----- RECORDS TO PROCESS -----

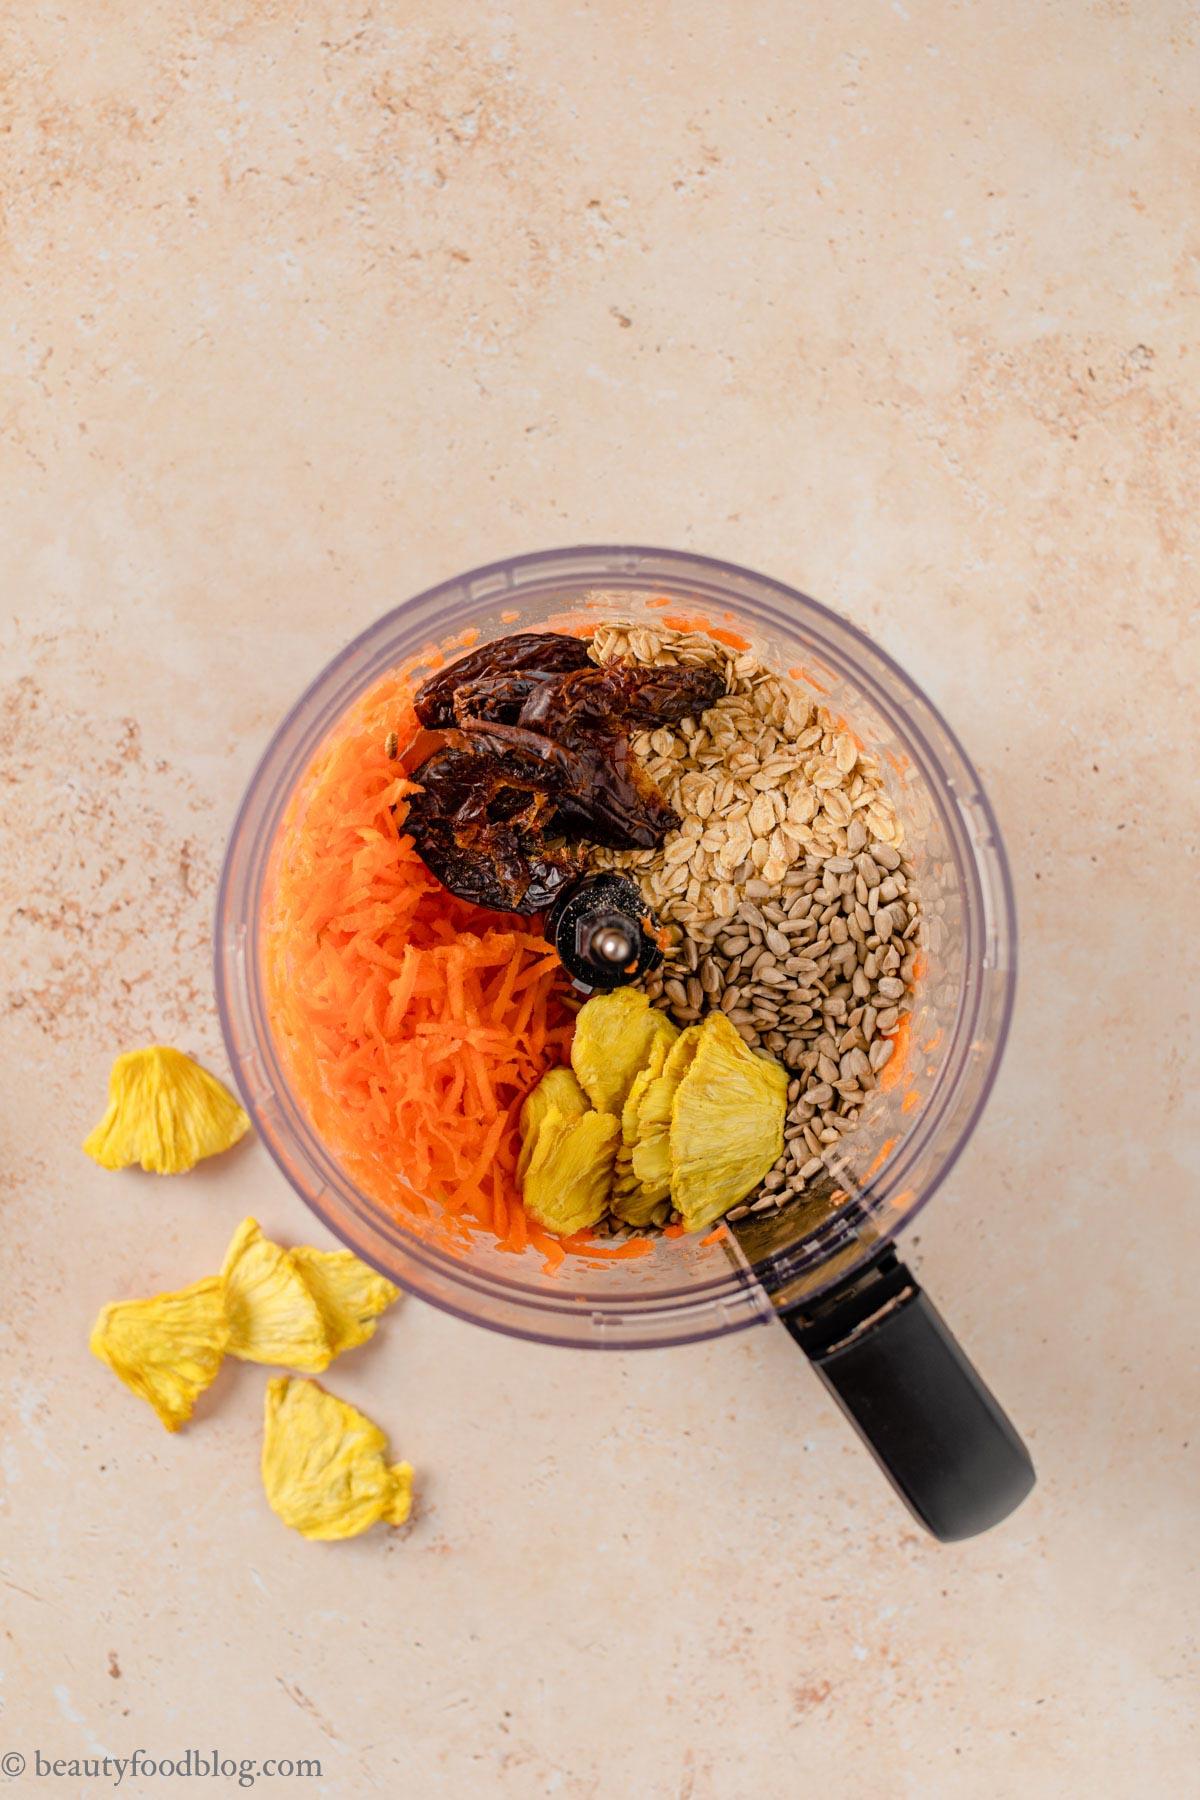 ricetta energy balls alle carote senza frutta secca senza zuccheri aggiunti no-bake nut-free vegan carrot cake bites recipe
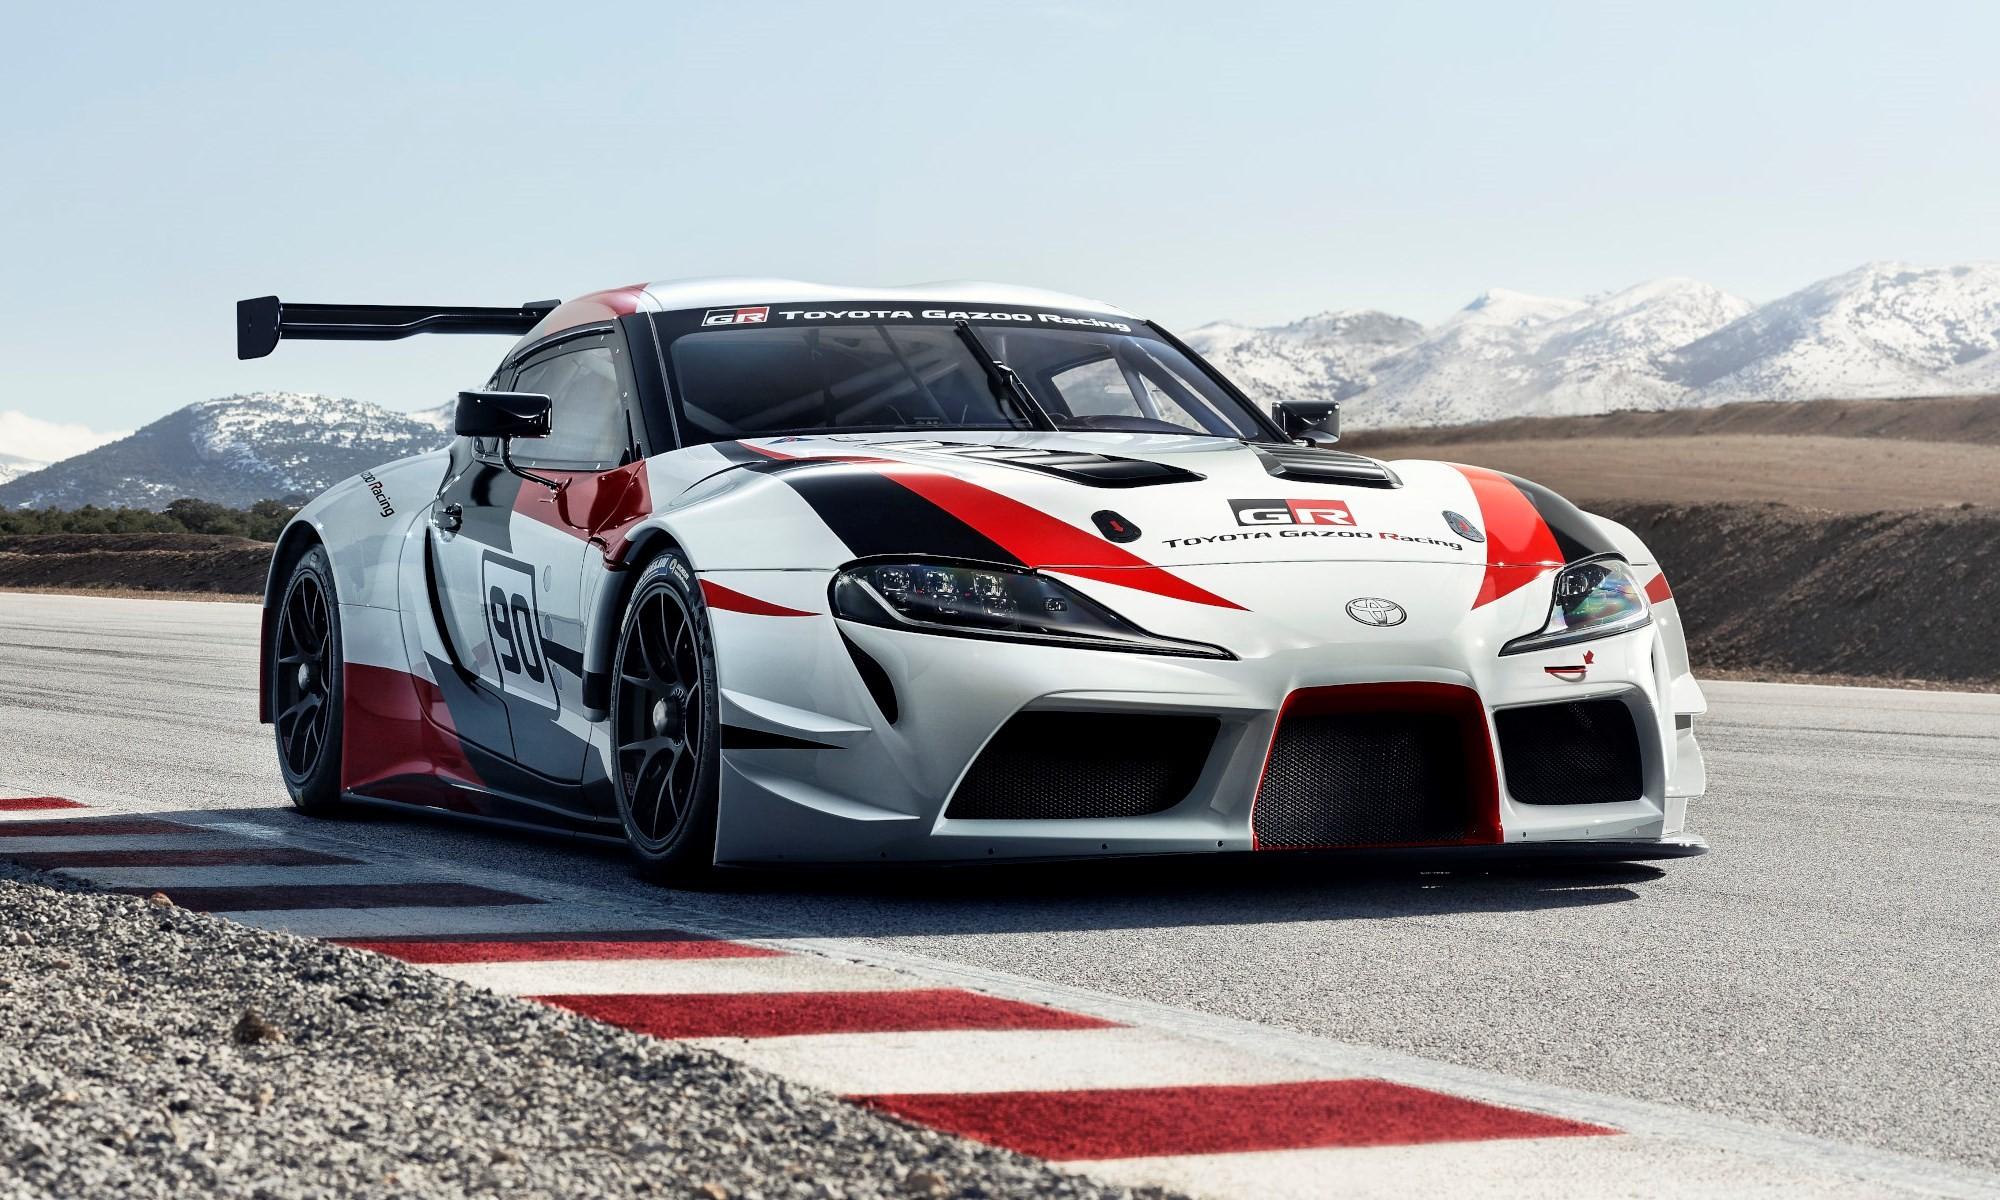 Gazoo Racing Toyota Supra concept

-----
----- RECORDS TO PROCESS -----

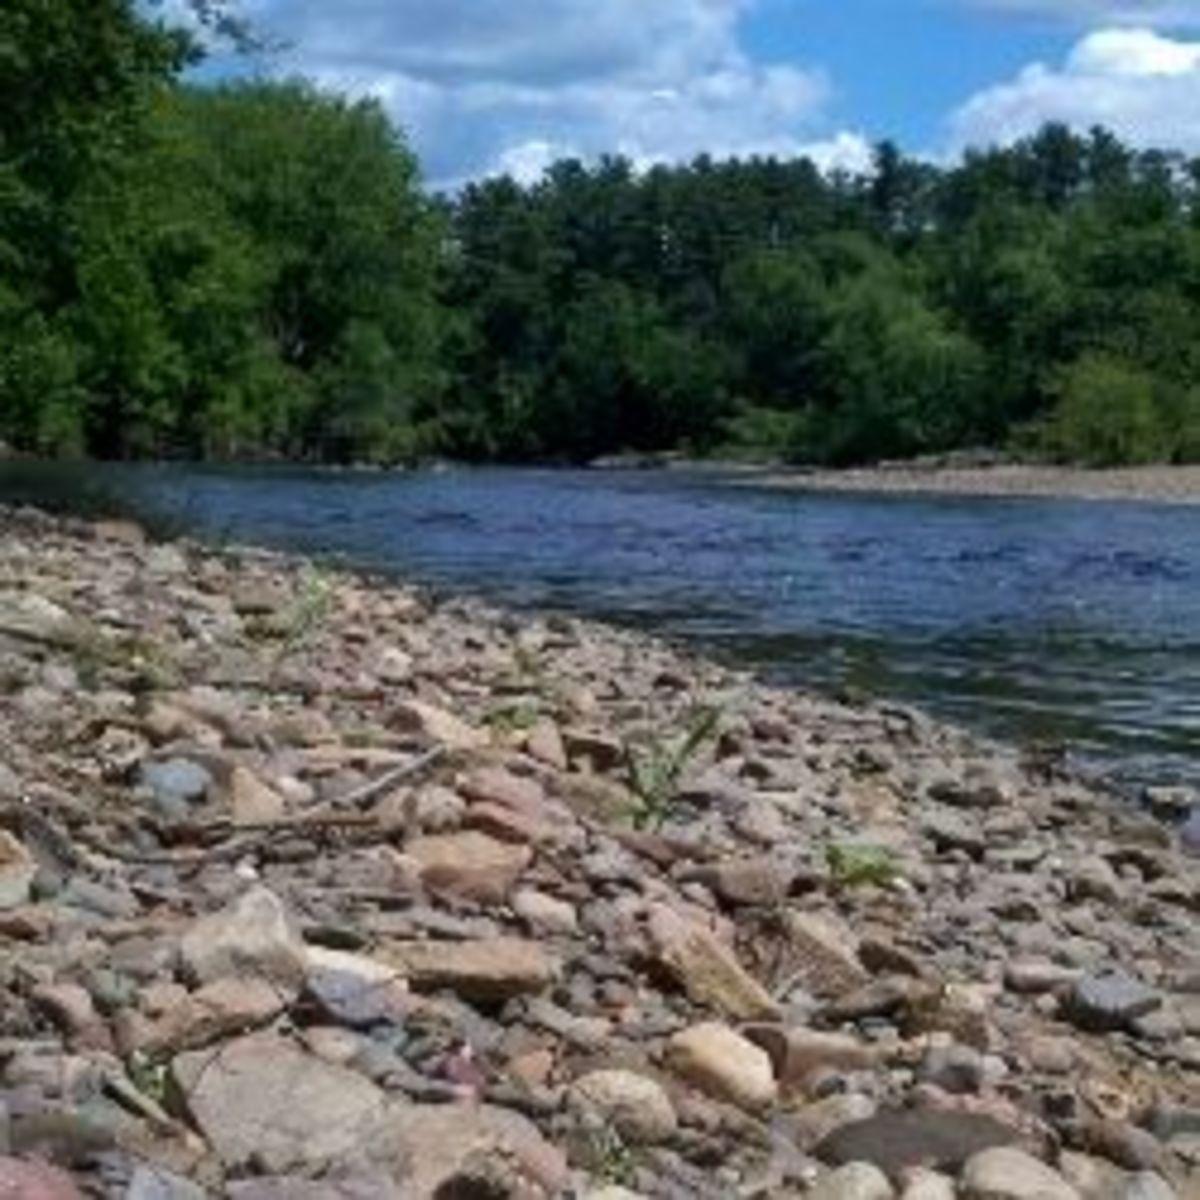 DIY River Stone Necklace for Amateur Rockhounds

-----
----- RECORDS TO PROCESS -----

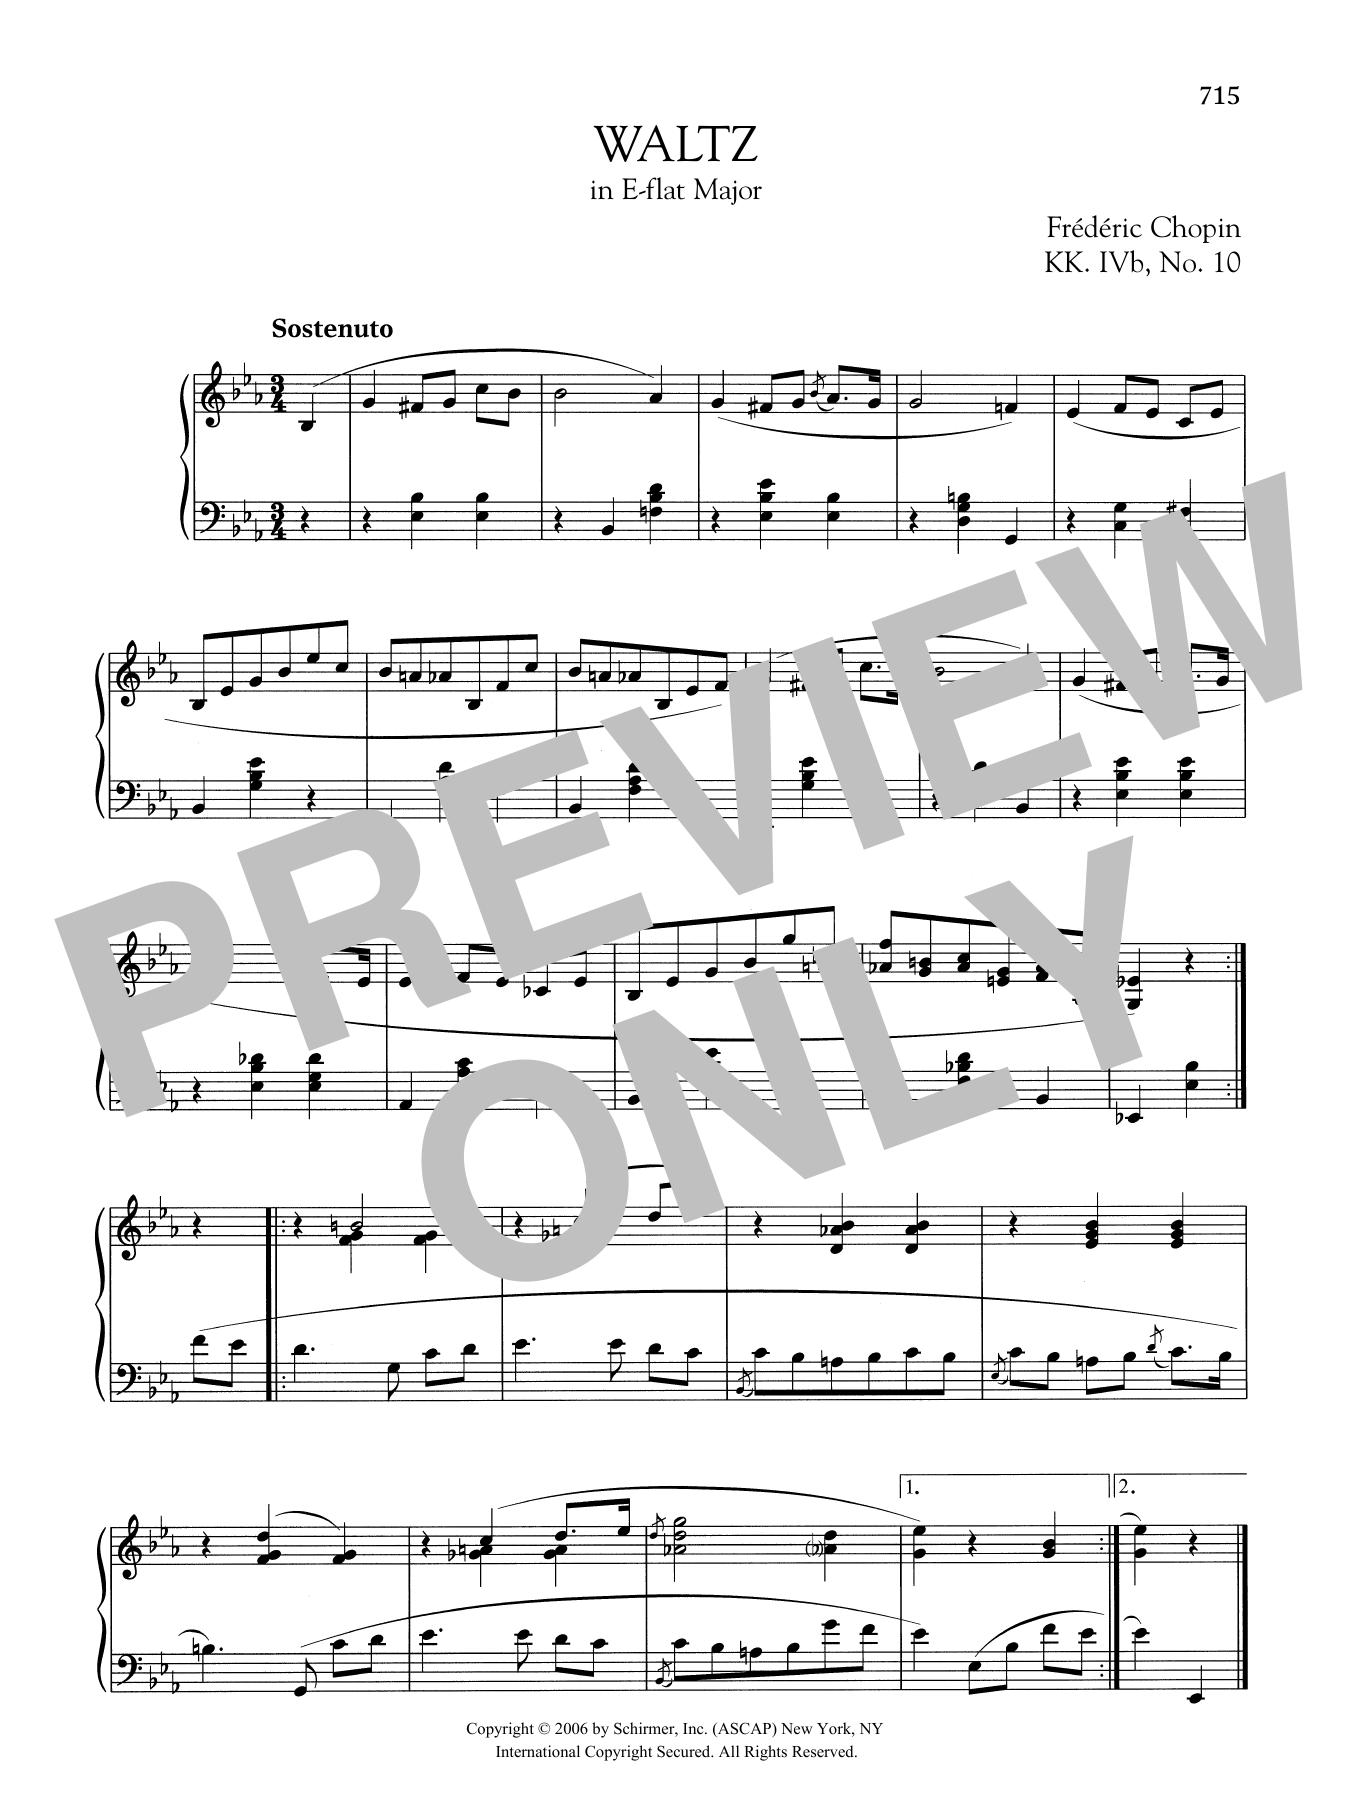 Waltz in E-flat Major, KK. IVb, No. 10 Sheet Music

-----

TASK INSTRUCTIONS: Look above for the line with "ricetta energy balls" and the line with "Gazoo Racing Toyota Supra concept"; set down those two lines and all lines between them exactly, without pictures and without anything else.

EXPECTED ANSWER:
 ricetta energy balls alle carote senza frutta secca senza zuccheri aggiunti no-bake nut-free vegan carrot cake bites recipe
 Gazoo Racing Toyota Supra concept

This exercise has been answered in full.